TwinBot represents a significant innovation in basic research, providing immediate and intuitive access to the technical and experimental information offered by the TwinMic beamline. Leveraging artificial intelligence, TwinBot provides real-time responses to inquiries made in natural language, facilitating the preparation of proposals and experiments. TwinBot provides quick and accurate answers, significantly enhancing their operational efficiency, therefore researchers no longer need to spend long hours manually searching through technical documents.

This tool has the potential to be extended to other beamlines and services at Elettra, further strengthening the scientific ecosystem of the institution.
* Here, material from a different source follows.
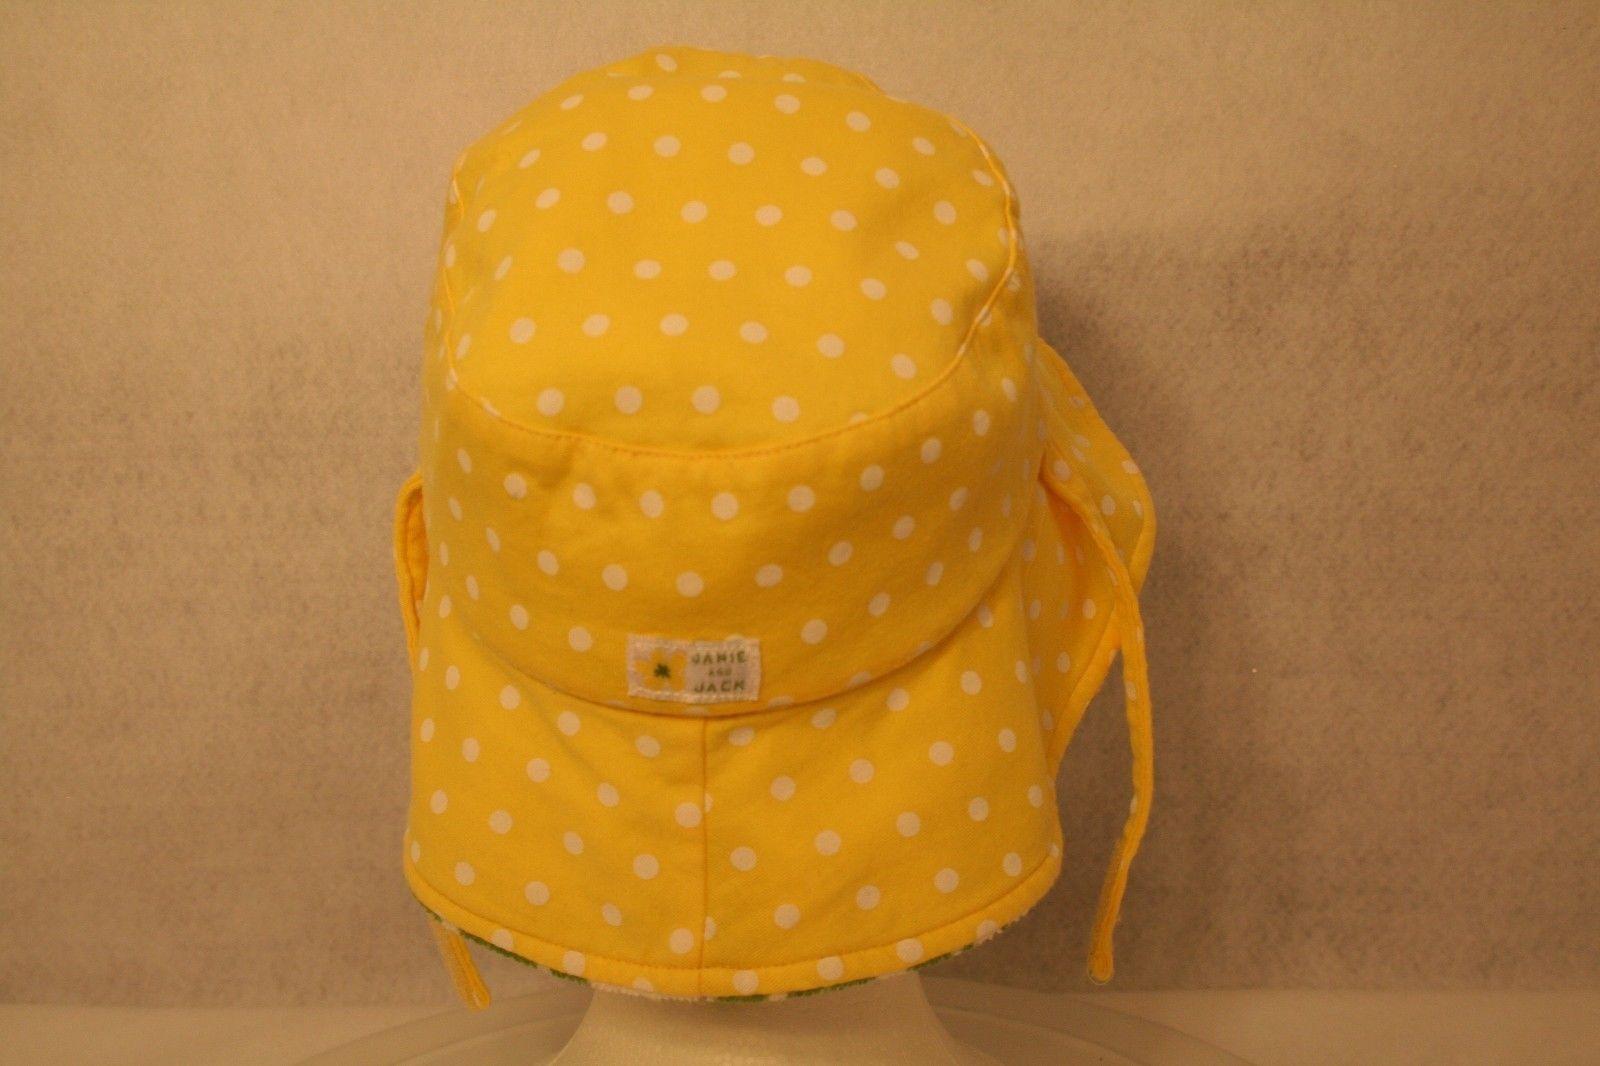 Janie & Jack Child Reversible Sun Hat Green daisy yellow polka dot w/adjust ties image 3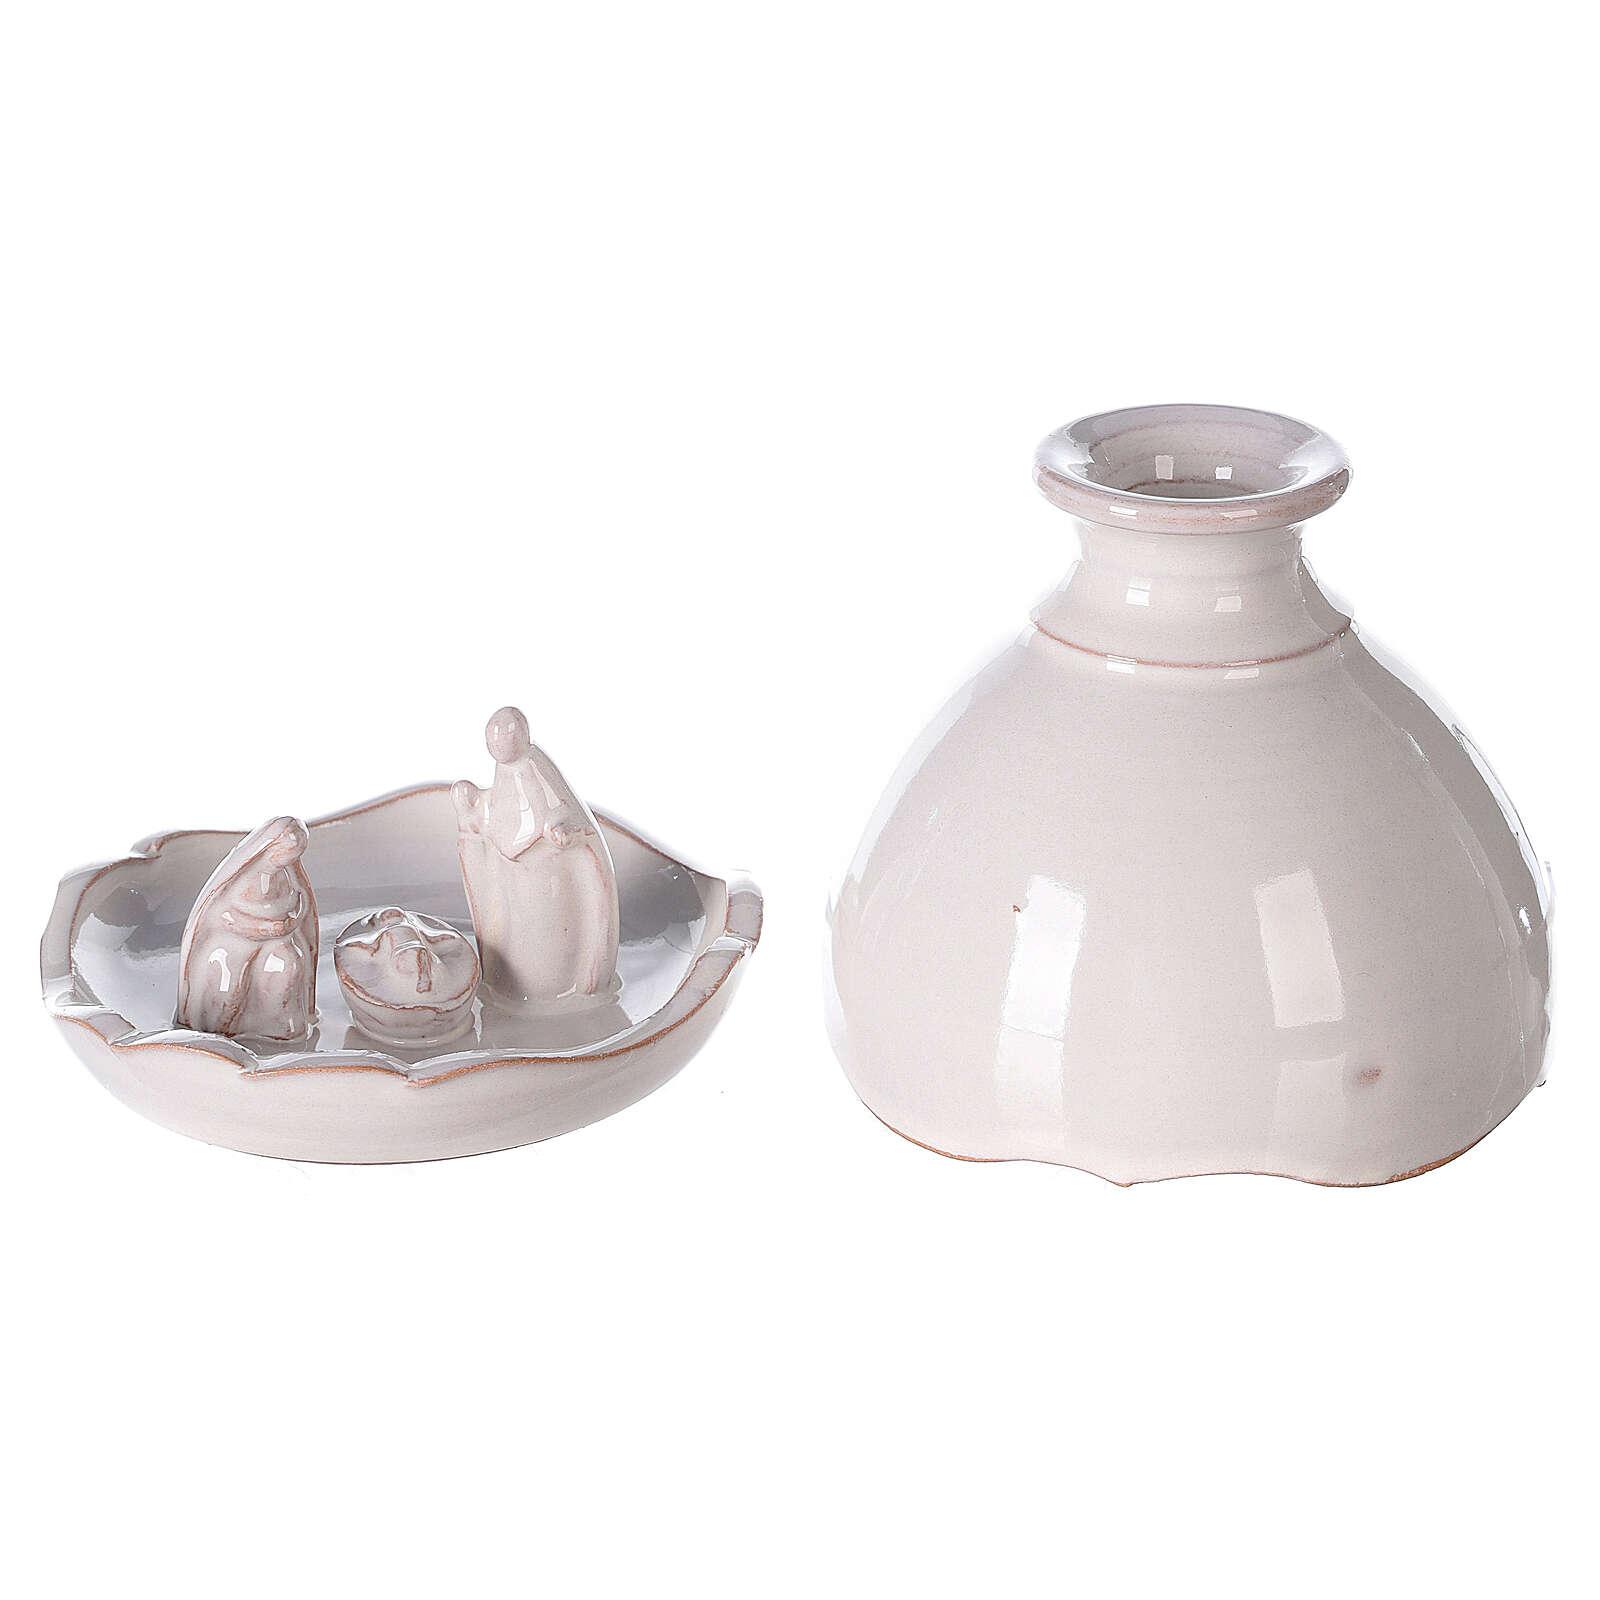 Miniature Holy Family set in openable vase white Deruta terracotta 10 cm 4

No other synchrotron has yet adopted similar technology for these purposes, making TwinBot a unique innovation. The project not only positions Elettra at the forefront of integrating artificial intelligence into scientific infrastructures but also establishes new standards for supporting basic research.

Artificial intelligence is not limited to automating repetitive tasks, it goes far beyond that: it analyzes large volumes of data, identifies complex patterns, and can contribute to generating new insights that lead to innovative hypotheses, often based on extensive datasets or complex models that are difficult to analyze manually. This radically changes research methods, allowing scientists to focus more on creative and analytical aspects. Thus, artificial intelligence is rapidly becoming an essential element of modern scientific research, with applications that extend well beyond automation.